Before analyzing and publishing targeted metabolomics data from the BEVITAL lab, please ensure proper data processing procedures for missing values, if any. Before any imputation, you should identify the main or most likely nature among the missing values in your data set and impute accordingly. When a high proportion (70% or more) of the missing values are missing not at random (MNAR), MNAR imputation methods are preferred.

Left-censored missing values caused by lower than LOD (limit of detection) or LOQ (limit of quantification) commonly exist in targeted metabolomics data and can be considered as MNAR. Traditionally, left-censored missing values have in several research fields been imputed by 0, LOD, LOD/2, or LOD/\(\sqrt{2}\). However, guidelines have stated that these conservative methods should be used only if the percentage of censored data is less than 5% and if the data are mildly skewed, and some have advocated that such approaches should never be implemented. Replacement with zero or a determined small value (such as LOD or LOD/2) may lead to certain biases, e.g., distortions of the distribution of missing variables and underestimations of the standard deviation (SD). Thus, improper data processing procedures for missing values will cause adverse impacts on subsequent statistical analyses.

Although some new statistical methods have been developed that allow the existence of left-censored missing values, such as the ‘accelerated failure time’ model, a complete data set is required for most statistical analysis frameworks in metabolomics studies. A few imputation methods have been developed and applied to the situation of MNAR in the field of targeted metabolomics, e.g.:

  • GSimp
  • QRILC
  • MinProb
  • MinDet

Among these, we primarily use GSimp and for some data sets also QRILC . In addition, for comparison reasons, we may have included a data set where missing elements caused by values below LOD are imputed with random values between zero and the variable-specific LOD (if any) by using the ‘runif’ function in R (runif(n = 1 , min = 0 , max = LOD)).

QRILC (quantile regression imputation of left-censored data) is specifically designed for MS-based targeted metabolomics studies with left-censored MNAR data caused by lower than LOD or LOQ. This method imputes missing elements with randomly drawn values from a truncated distribution estimated by a quantile regression.

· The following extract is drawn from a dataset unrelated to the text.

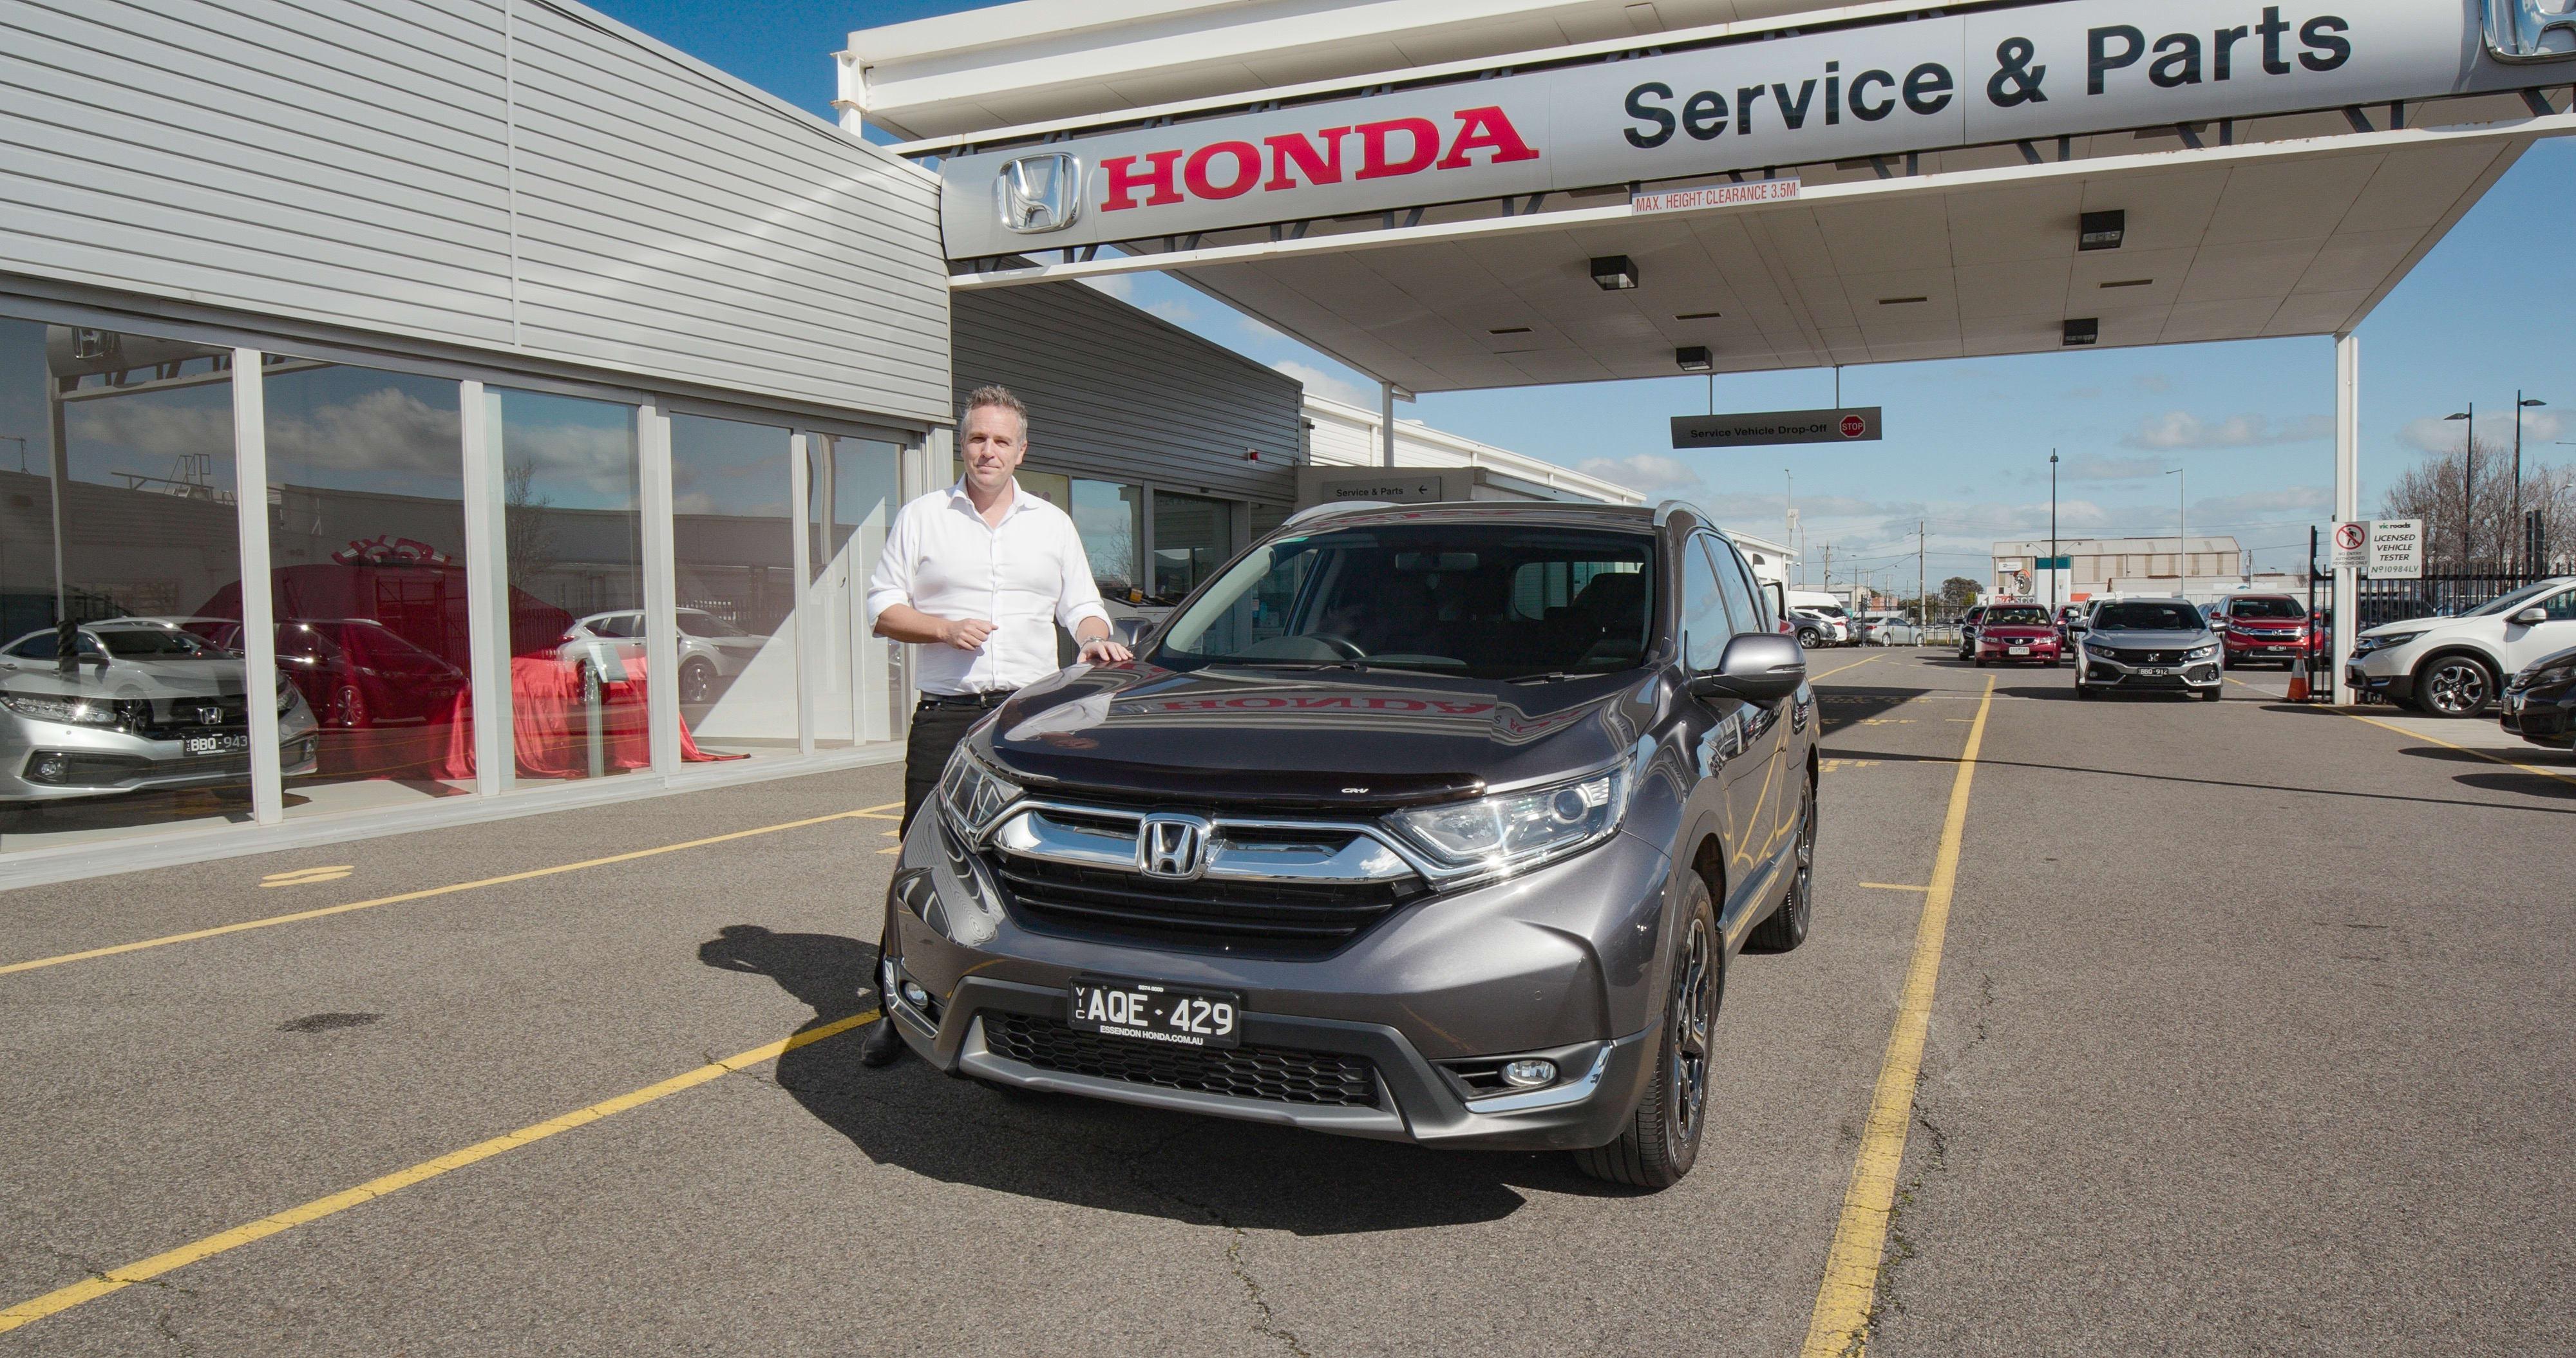 Kekurangan Servis Honda Tangguh

QRILC has been shown to keep the overall data distribution and variances. However, stochastic values may be generated by this approach since QRILC imputes missing values independently within variables without utilizing the predictive information from other variables.

An alternative approach is GSimp, a Gibbs sampler-based left-censored missing value imputation procedure for metabolomics data. GSimp utilizes the predictive information of other variables by employing a prediction model and held a truncated normal distribution for each missing element simultaneously. Gibbs sampler is a Markov Chain Monte Carlo (MCMC) technique that sequentially updates parameters while others are fixed and can be used to generate posterior samples. For each missing variable in a data set, GSimp applies a Gibbs sampler to impute the missing values by sampling from a truncated normal distribution with prediction model fitted value as mean and root mean square deviation (RMSD) of missing part as standard deviation while truncated by specified cut-points.

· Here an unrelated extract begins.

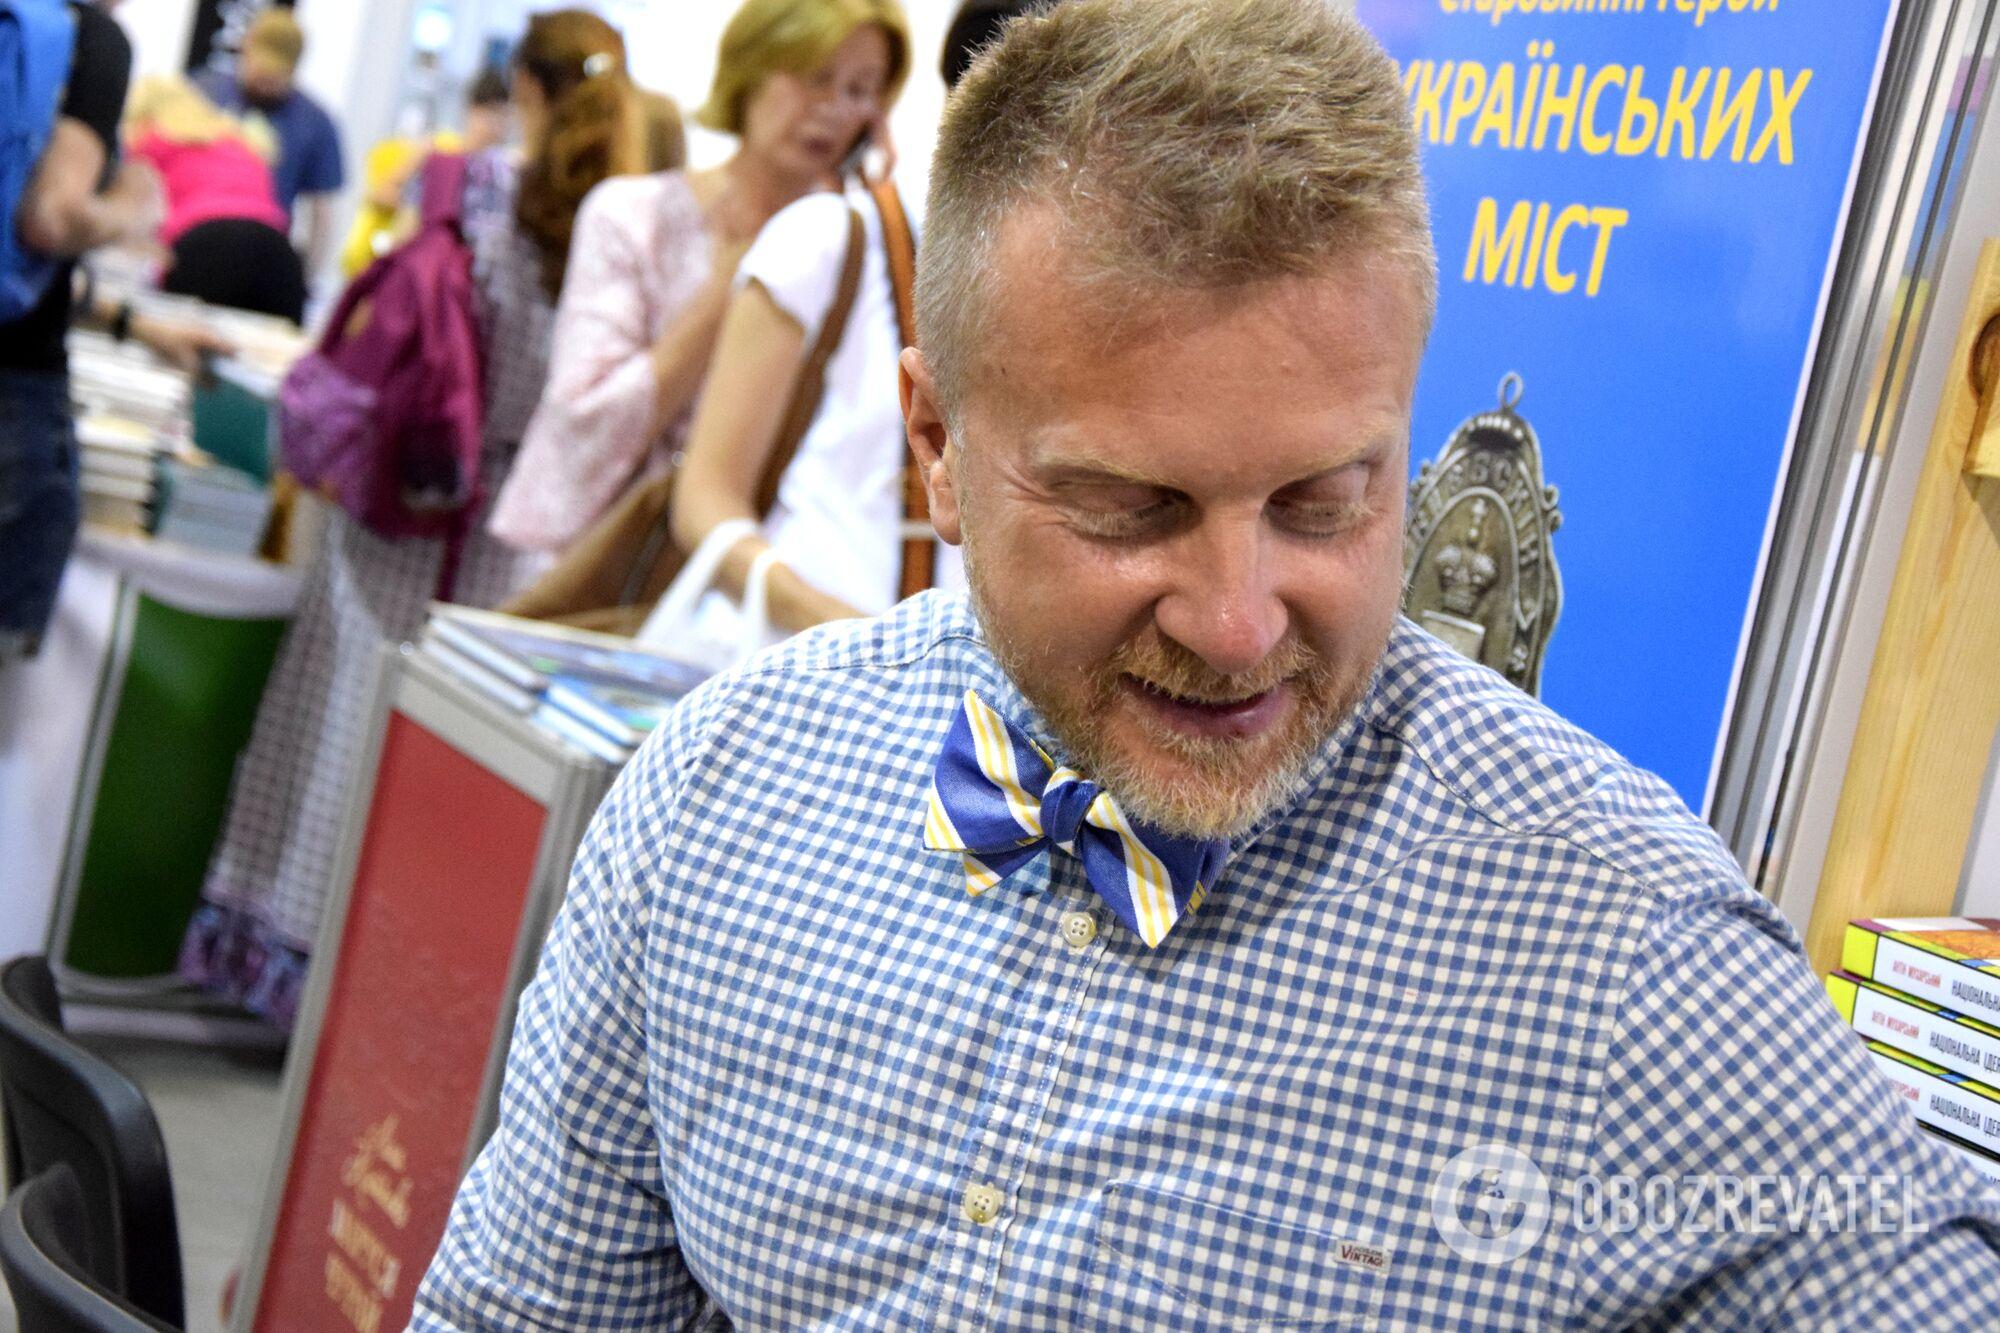 Мухарский: Киев - больше Европа, чем те Афины

If the data set contains elements missing both at random (MAR) and MNAR, a hybrid method is recommended, such as the MNAR/MAR MI SFI-hybrid approach.

Several Bayesian approaches have also been used for different missing data mechanisms, such as Bayesian estimation from left-censored data using the Markov Chain Monte Carlo (MCMC) method or Bayesian principal component analysis (BPCA).

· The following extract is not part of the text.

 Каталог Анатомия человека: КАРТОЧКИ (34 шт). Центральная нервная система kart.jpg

Alternatively, you may use Tobit regression in the presence of left-censored data.

For further details about left-censored missing value imputation approaches for metabolomics data, see, e.g.:

In this report, we have tried to help you identifying the nature of missing values, but we recommend you to conduct your own thorough diagnosis of missing data mechanisms and choose the most appropriate imputation method(s) based on this assessment. This diagnosis can operate at different levels, e.g.: (i) at the data set level, so that the imputation strategy is applied conditionally to the majority of missing values in the entire data set; and (ii) at the missing value level, so as to have a most refined categorization of the missing values across the data set.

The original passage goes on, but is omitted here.